Has anyone seen this Windows Event Viewer Error Code 718? I'm trying to setup a client VPN to one of our sites but get this error. It tries to connect and I get a login prompt but fails with "The connection was terminated because the remote computer did not respond in a timely manner." The same logs repeat every try too. I've deleted and rebuilt the VPN connection many times. I'd appreciate any help because 718 is not on the help https://documentation.meraki.com/MX/Client_VPN/Troubleshooting_Client_VPN. Thanks!
Feb 5 13:08:16 | Non-Meraki / Client VPN negotiation | msg: ISAKMP-SA deleted IPx.x.x.118[4500]-x.x.x.146[4500] spi:5fada4c87aee2278:cd839c4b4a14cd46 | |
Feb 5 13:08:16 | Non-Meraki / Client VPN negotiation | msg: ISAKMP-SA expired IPx.x.x.118[4500]-x.x.x.188.146[4500] spi:5fada4c87aee2278:cd839c4b4a14cd46 | |
Feb 5 13:08:16 | Non-Meraki / Client VPN negotiation | msg: purged IPsec-SA proto_id=ESP spi=691213782. | |
Feb 5 13:07:36 | Non-Meraki / Client VPN negotiation | msg: IPsec-SA established: ESP/Transport x.x.x.118[4500]->x.x.x.146[4500] spi=691213782(0x293315d6) | |
Feb 5 13:07:36 | Non-Meraki / Client VPN negotiation | msg: IPsec-SA established: ESP/Transport x.x.x.118[4500]->x.x.x.146[4500] spi=173791877(0xa5bda85) | |
Feb 5 13:07:36 | Non-Meraki / Client VPN negotiation | msg: ISAKMP-SA established x.x.x.118[4500]-x.x.x.146[4500] spi:5fada4c87aee2278:cd839c4b4a14cd46 | |
Feb 5 13:07:36 | Non-Meraki / Client VPN negotiation | msg: invalid DH group 19. | |
Feb 5 13:07:36 | Non-Meraki / Client VPN negotiation | msg: invalid DH group 20. |
The remote site seems to be sitting behind another device doing NAT. Can you get rid of that so the public IP is directly on the remote MX itself?
Failing that, make sure udp/500 and UDP/4500 are NATed through to the remote MX.
Failing that, seem if there is a firmware upgrade for the device sitting in front of the remote MX.
The Public IP is directly connected to the MX84 and I'm testing from a Commercial Comcast circuit.
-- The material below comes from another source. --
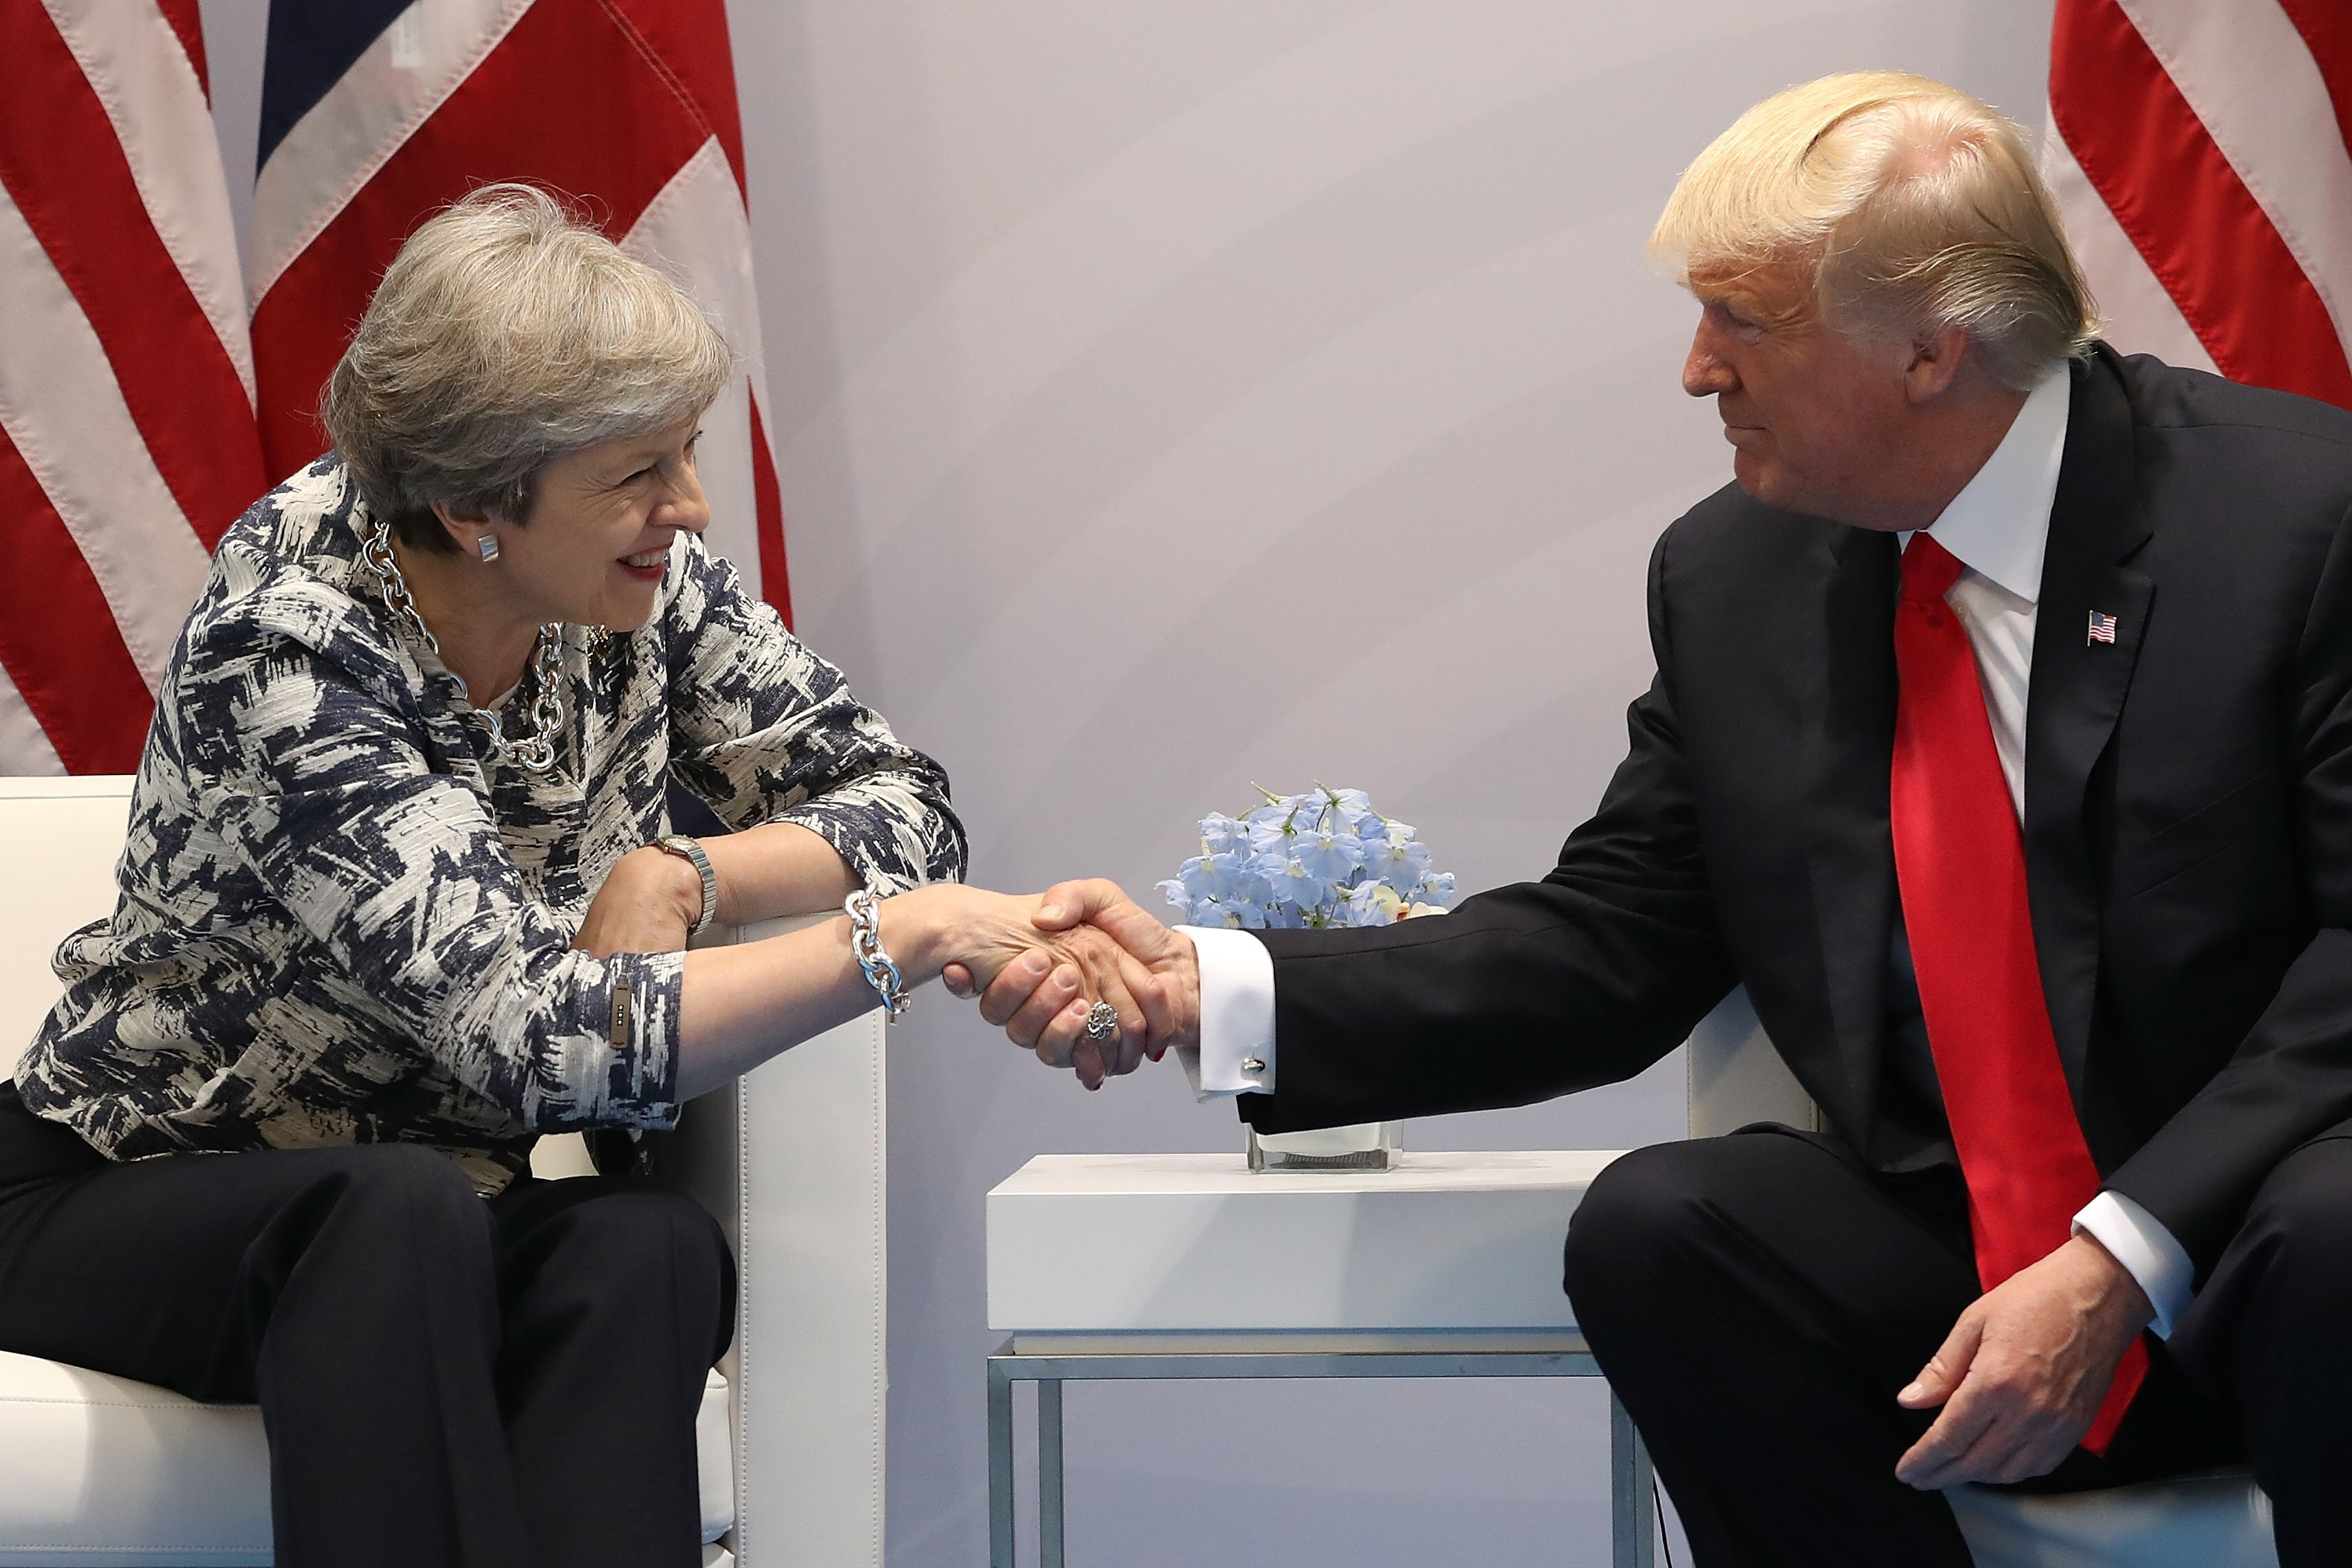 Theresa May greeting U.S Donald Trump at the 2017 G20 summit in Hamburg, Germany | Photo: Getty Images

The firmware says it's up to date:
I'm going to look more into the UDP ports 500 and 4500. Thanks for the feedback!
Do you have the same problem when the client connects from a different Internet connection - such as a 4G connection?
>The Public IP is directly connected to the MX84 and I'm testing from a Commercial Comcast circuit.
To be clear, the MX84 uplink tab reports a public IP address on its WAN interface (not a private IP NATed to a public IP)?